To illustrate this noncummativity of in-place operations and parallelism, note that the implementation of "a += b" which yielded the 'expected result' (as in numpy-1.4.1) goes first by elements, and then into the in-place operation (the iteration happens on a higher code level than the operation).  In the other case, which is done by numpy-1.6.1 in an equivalent way at least, the operations is executed first on array operands, and then an iterations is employed.  Unfortunately, for the second approach, due to the nature of computers, an "execution of an operation on arrays" is abstract, and needs concrete implementation on the element level, s.t. the "a = a + b" substitute leads to an elementwise assigment, which is not accounted for by the algorithmic idea, and leads to the divergence between the two approaches' results.  

I like the equivalence criterion of "a += b" <=> "a = a + b", not caring for dtype downcasts.  These downcasts are actually a Python idiosyncrasy and leads to the known paradox only when neglecting the character of Python assignment.  The important notion of the substitutional equivalence of "a += b" <=> "a = a + b" seems to be to me, that the r.h.s. of the equivalence refers to additions, and explains the in-place operation by addition.  Unfortunately, in the case of a zero-strided first operand, the assignment in between becomes ill-defined.  But if then we then stand by "explaining in-place addition by pure addition" it would seem natural to me, to chain the operands resulting from the substitute "a + b" together by just that "+" operation.  I don't know what symbol to put for that, maybe a "=+", how strange this might ever look.  So the usual Python teaching of replacing "+=" by "=" and "+" seems to need a more precise definition of that "=" used in case of arrays as operands.  For scalars, of course an ordinary assigment does very well.  In numpy, I would hence state as a formula containing the preceding sentences: "a += b  <=>  a =+ a + b".

It would be possible to implement this by filling the first operand by the unity of the respective operation (0 for addition and 1 for multiplication), carrying out the element-wise operation on broadcasted arrays, and feeding it back to the original first (left) operand by chaining using the resp. operation, which could in turn be done by scalar in-place operation using the unity data as a start.

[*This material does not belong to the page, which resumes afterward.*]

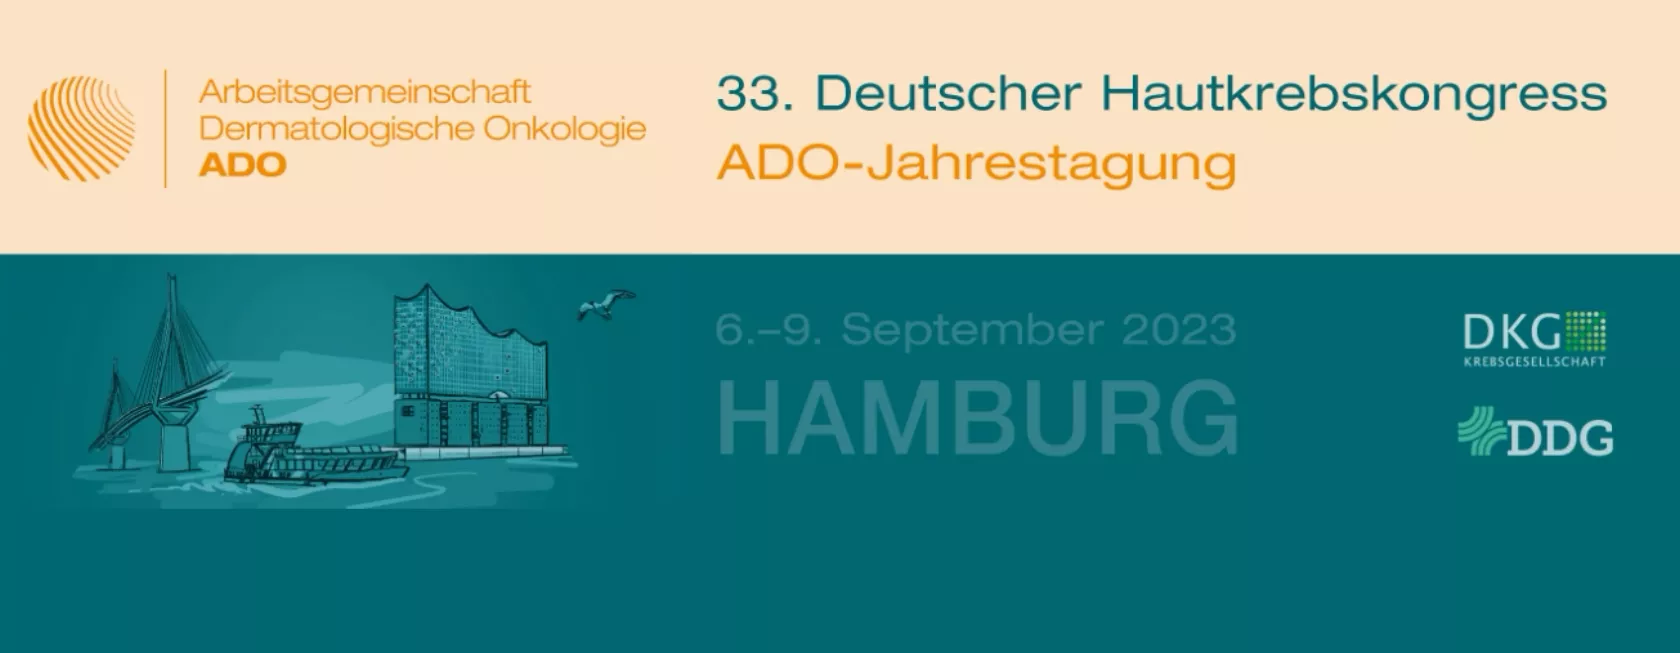 Logo zum ADO-Kongress 2023 in Hamburg.

Funny is, e.g. the following hypothetical Python session (I turn the arrows upwards for this):

^^^ a = numpy.ones(())
^^^ b = numpy.zeros((10, 1))
^^^ a
array(1.0)
^^^ b
array([[ 0.],
       [ 0.],
       [ 0.],
       [ 0.],
       [ 0.],
       [ 0.],
       [ 0.],
       [ 0.],
       [ 0.],
       [ 0.]])
^^^ u, v = numpy.broadcast_arrays(a, b)
^^^ u
array([[ 1.],
       [ 1.],
       [ 1.],
       [ 1.],
       [ 1.],
       [ 1.],
       [ 1.],
       [ 1.],
       [ 1.],
       [ 1.]])
^^^ v
array([[ 0.],
       [ 0.],
       [ 0.],
       [ 0.],
       [ 0.],
       [ 0.],
       [ 0.],
       [ 0.],
       [ 0.],
       [ 0.]])
^^^ u += v
^^^ u
array([[10.],
       [10.],
       [10.],
       [10.],
       [10.],
       [10.],
       [10.],
       [10.],
       [10.],
       [10.]])
^^^ v
array([[ 0.],
       [ 0.],
       [ 0.],
       [ 0.],
       [ 0.],
       [ 0.],
       [ 0.],
       [ 0.],
       [ 0.],
       [ 0.]])
^^^ a
array(10.0)
^^^ b
array([[ 0.],
       [ 0.],
       [ 0.],
       [ 0.],
       [ 0.],
       [ 0.],
       [ 0.],
       [ 0.],
       [ 0.],
       [ 0.]])
^^^ 

Funnily too, the operations "a += b" (in my case), or "y += x" would be perfectly defined even if "a + b" or "y + x" (latter in Sebastian's case) require broadcasting of the first operand.  Currently they yield the following result:

(numpy-1.5.1, as above:)
>>> a += b
Traceback (most recent call last):
  File "<stdin>", line 1, in <module>
ValueError: invalid return array shape

(numpy-1.6.1, as above:)
>>> y += x
Traceback (most recent call last):
  File "<stdin>", line 1, in <module>
ValueError: non-broadcastable output operand with shape (2) doesn't match the broadcast shape (3,2)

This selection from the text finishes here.